Give back an exact copy of the lines in the records below, from the line that has "Tiresias-Dark-box-Ко" through the line that has "Japanese Bedroom Decor", and nothing besides.
━━━━━ Record extracts ━━━━━
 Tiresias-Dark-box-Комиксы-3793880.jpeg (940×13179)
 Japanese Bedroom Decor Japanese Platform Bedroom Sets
━━━━━
━━━━━ Record extracts ━━━━━
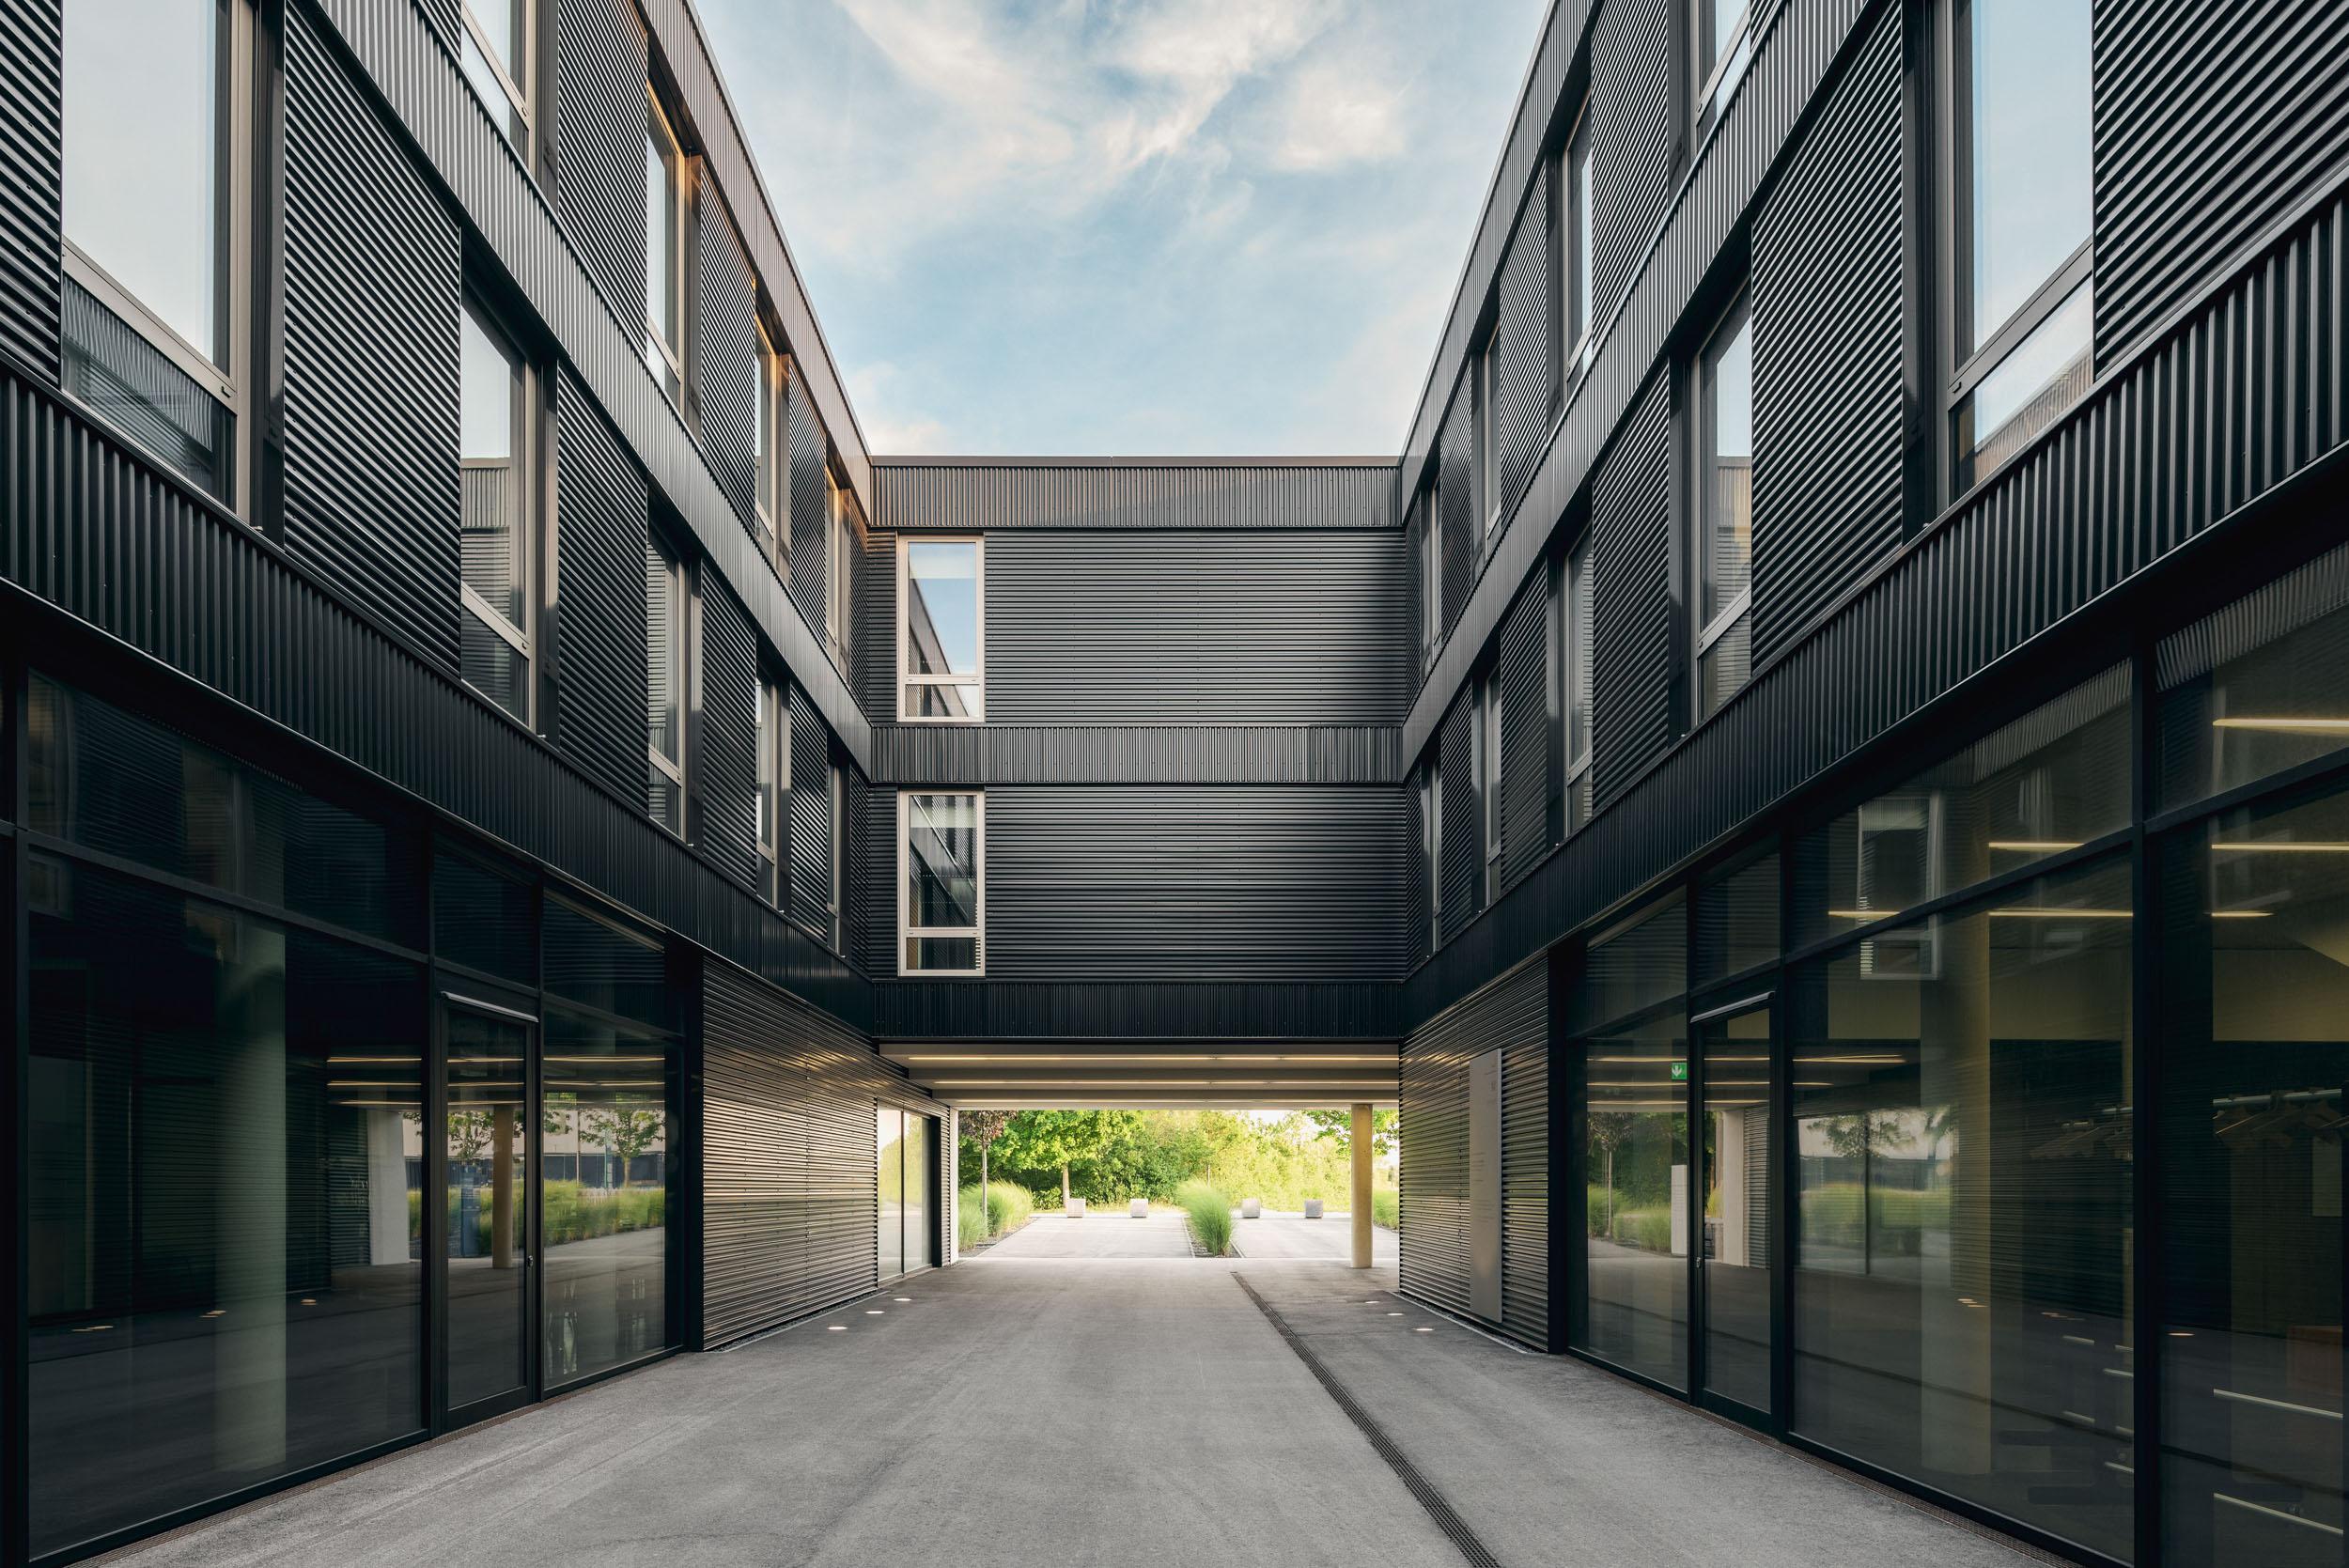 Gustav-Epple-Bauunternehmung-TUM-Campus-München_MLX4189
━━━━━
## [Solution to this task]
 Tiresias-Dark-box-Комиксы-3793880.jpeg (940×13179)
 Japanese Bedroom Decor Japanese Platform Bedroom Sets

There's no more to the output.